* **The data**
____
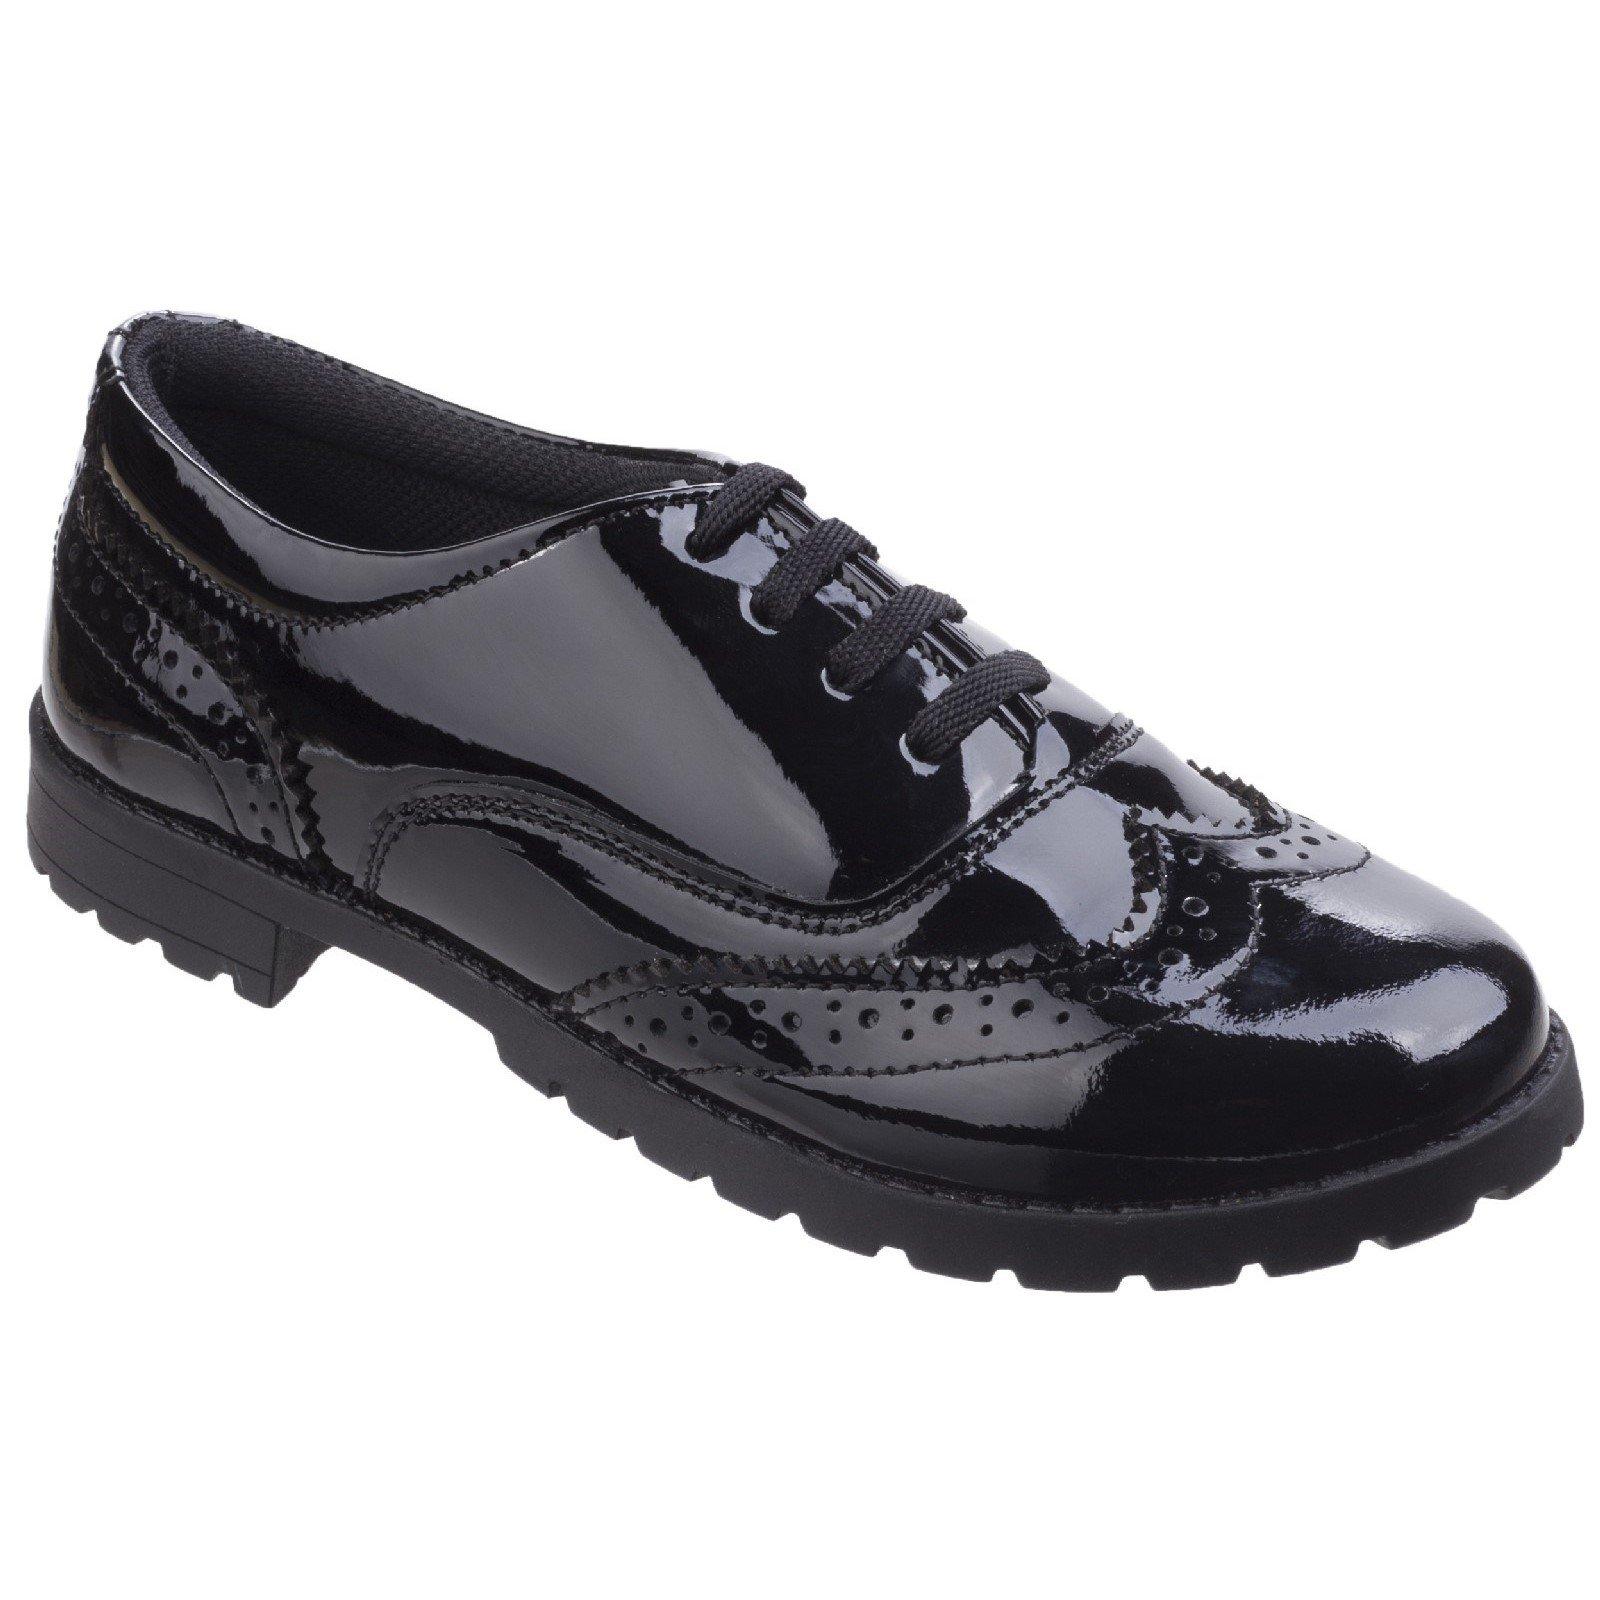 Hush Puppies Kid's Eadie Senior Patent School Shoe Black 32735 - Patent Black 6
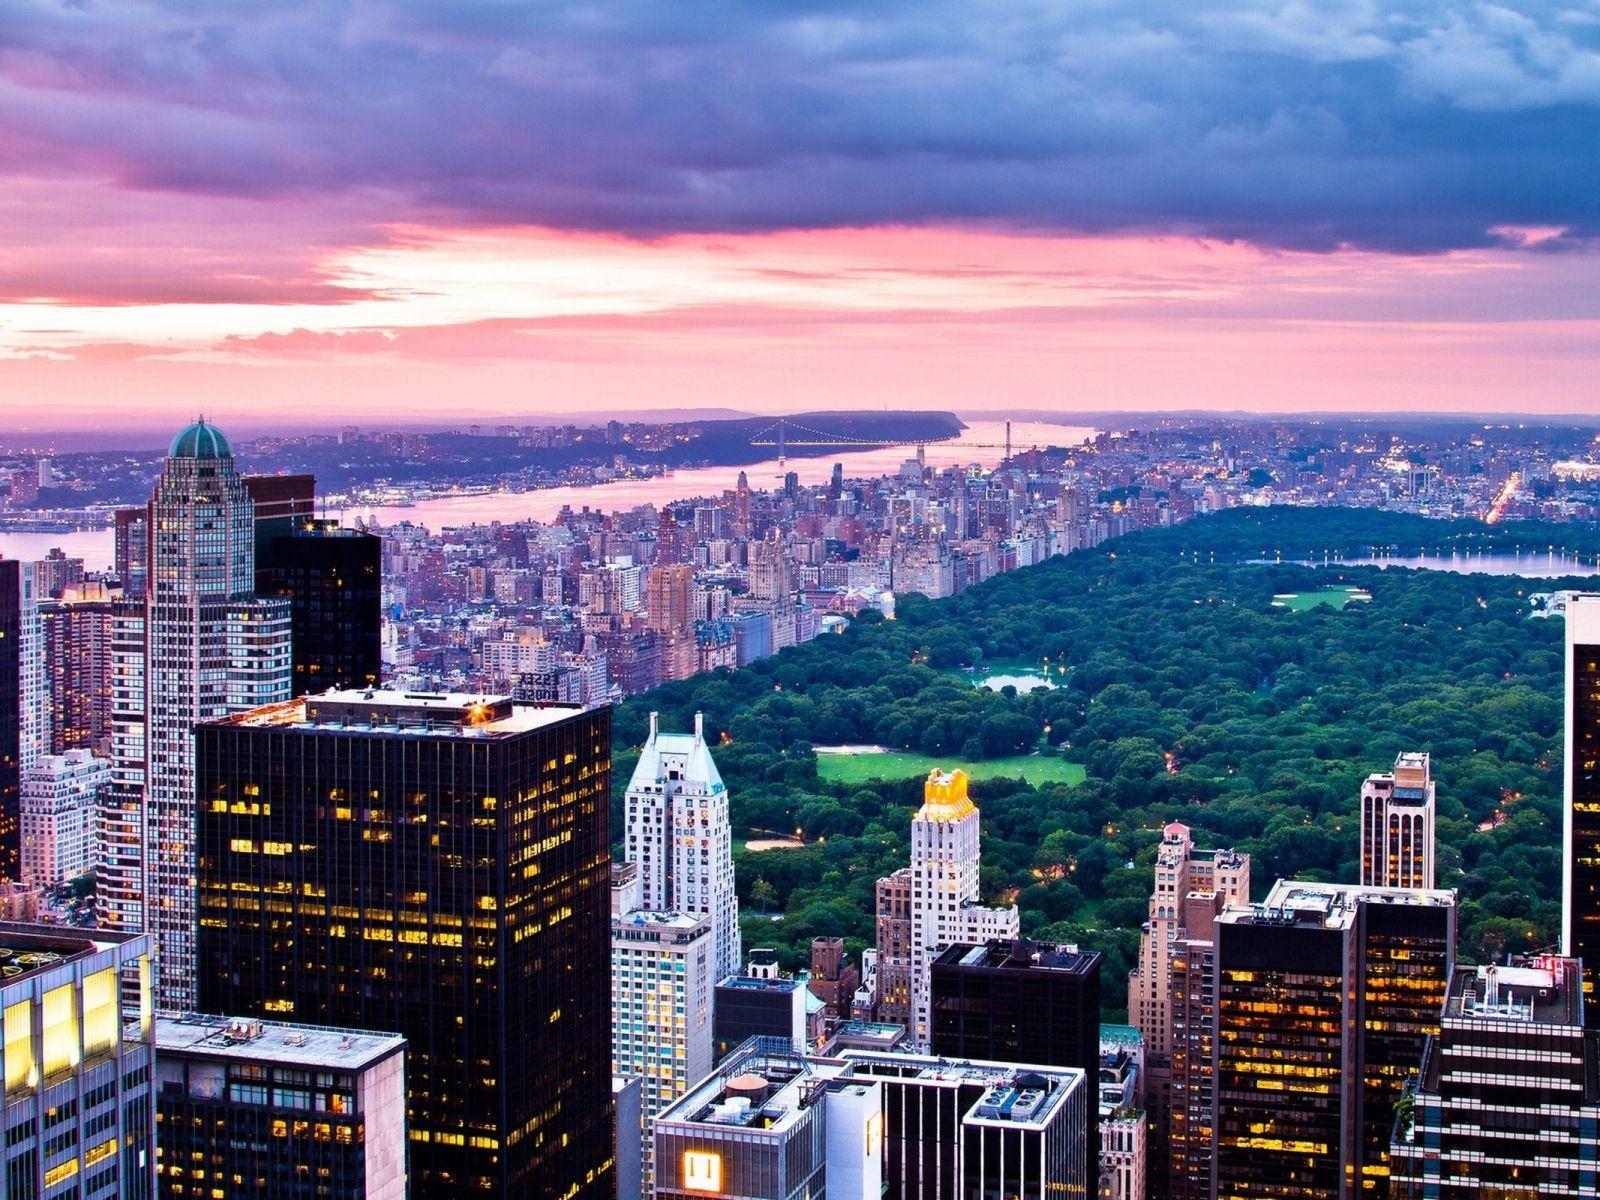 New York City Overview Wallpaper
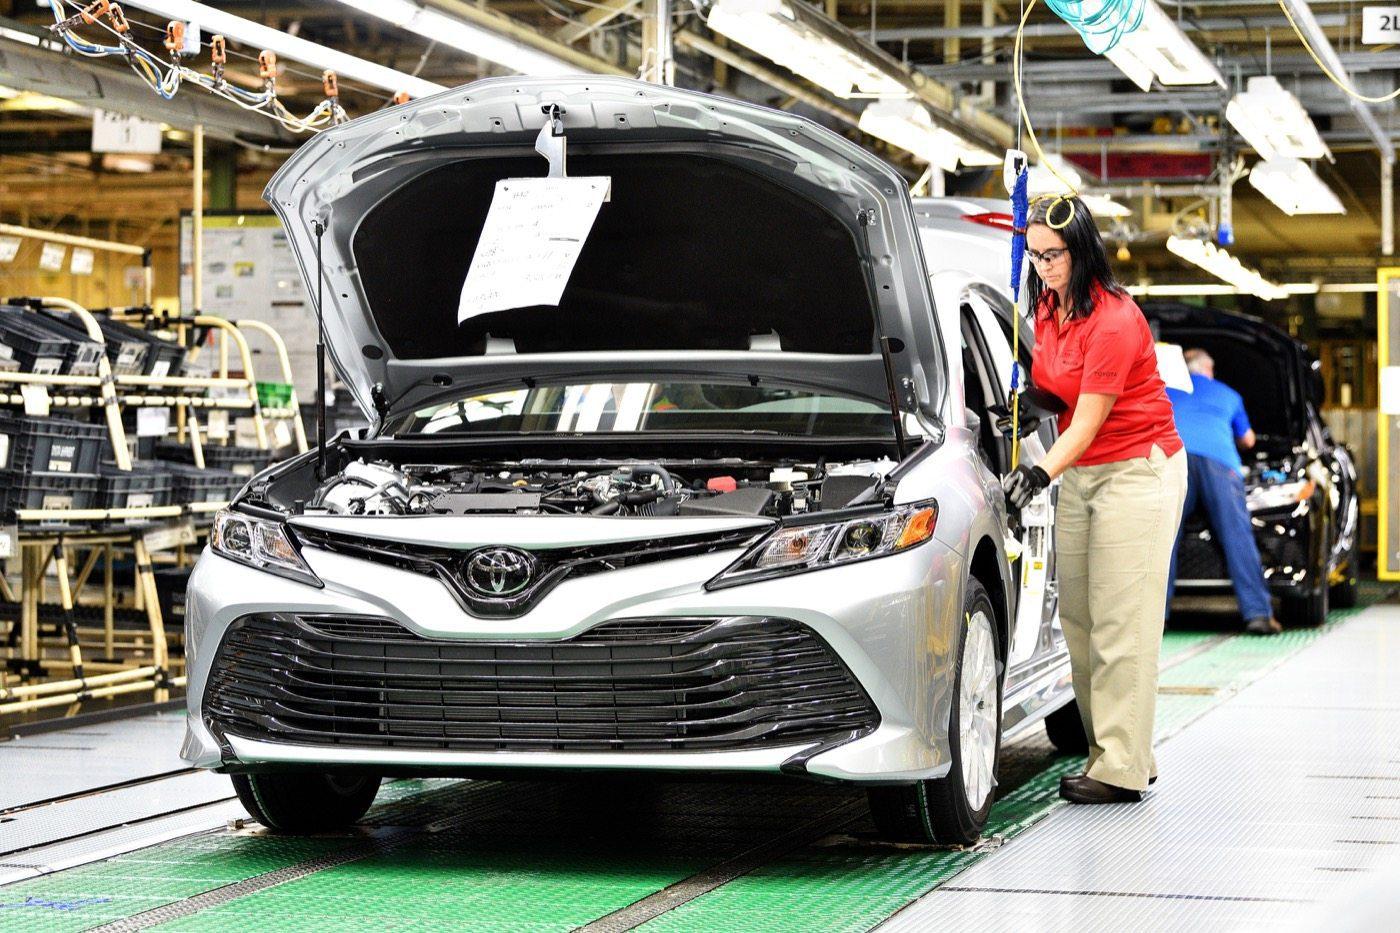 2018 Toyota Camry Kentucky Factory - Image: Toyota
____
* **Task instructions**
Go through the listing above and quote it exactly, apart from its images.

* **Response to this exercise**
 Hush Puppies Kid's Eadie Senior Patent School Shoe Black 32735 - Patent Black 6
 New York City Overview Wallpaper
 2018 Toyota Camry Kentucky Factory - Image: Toyota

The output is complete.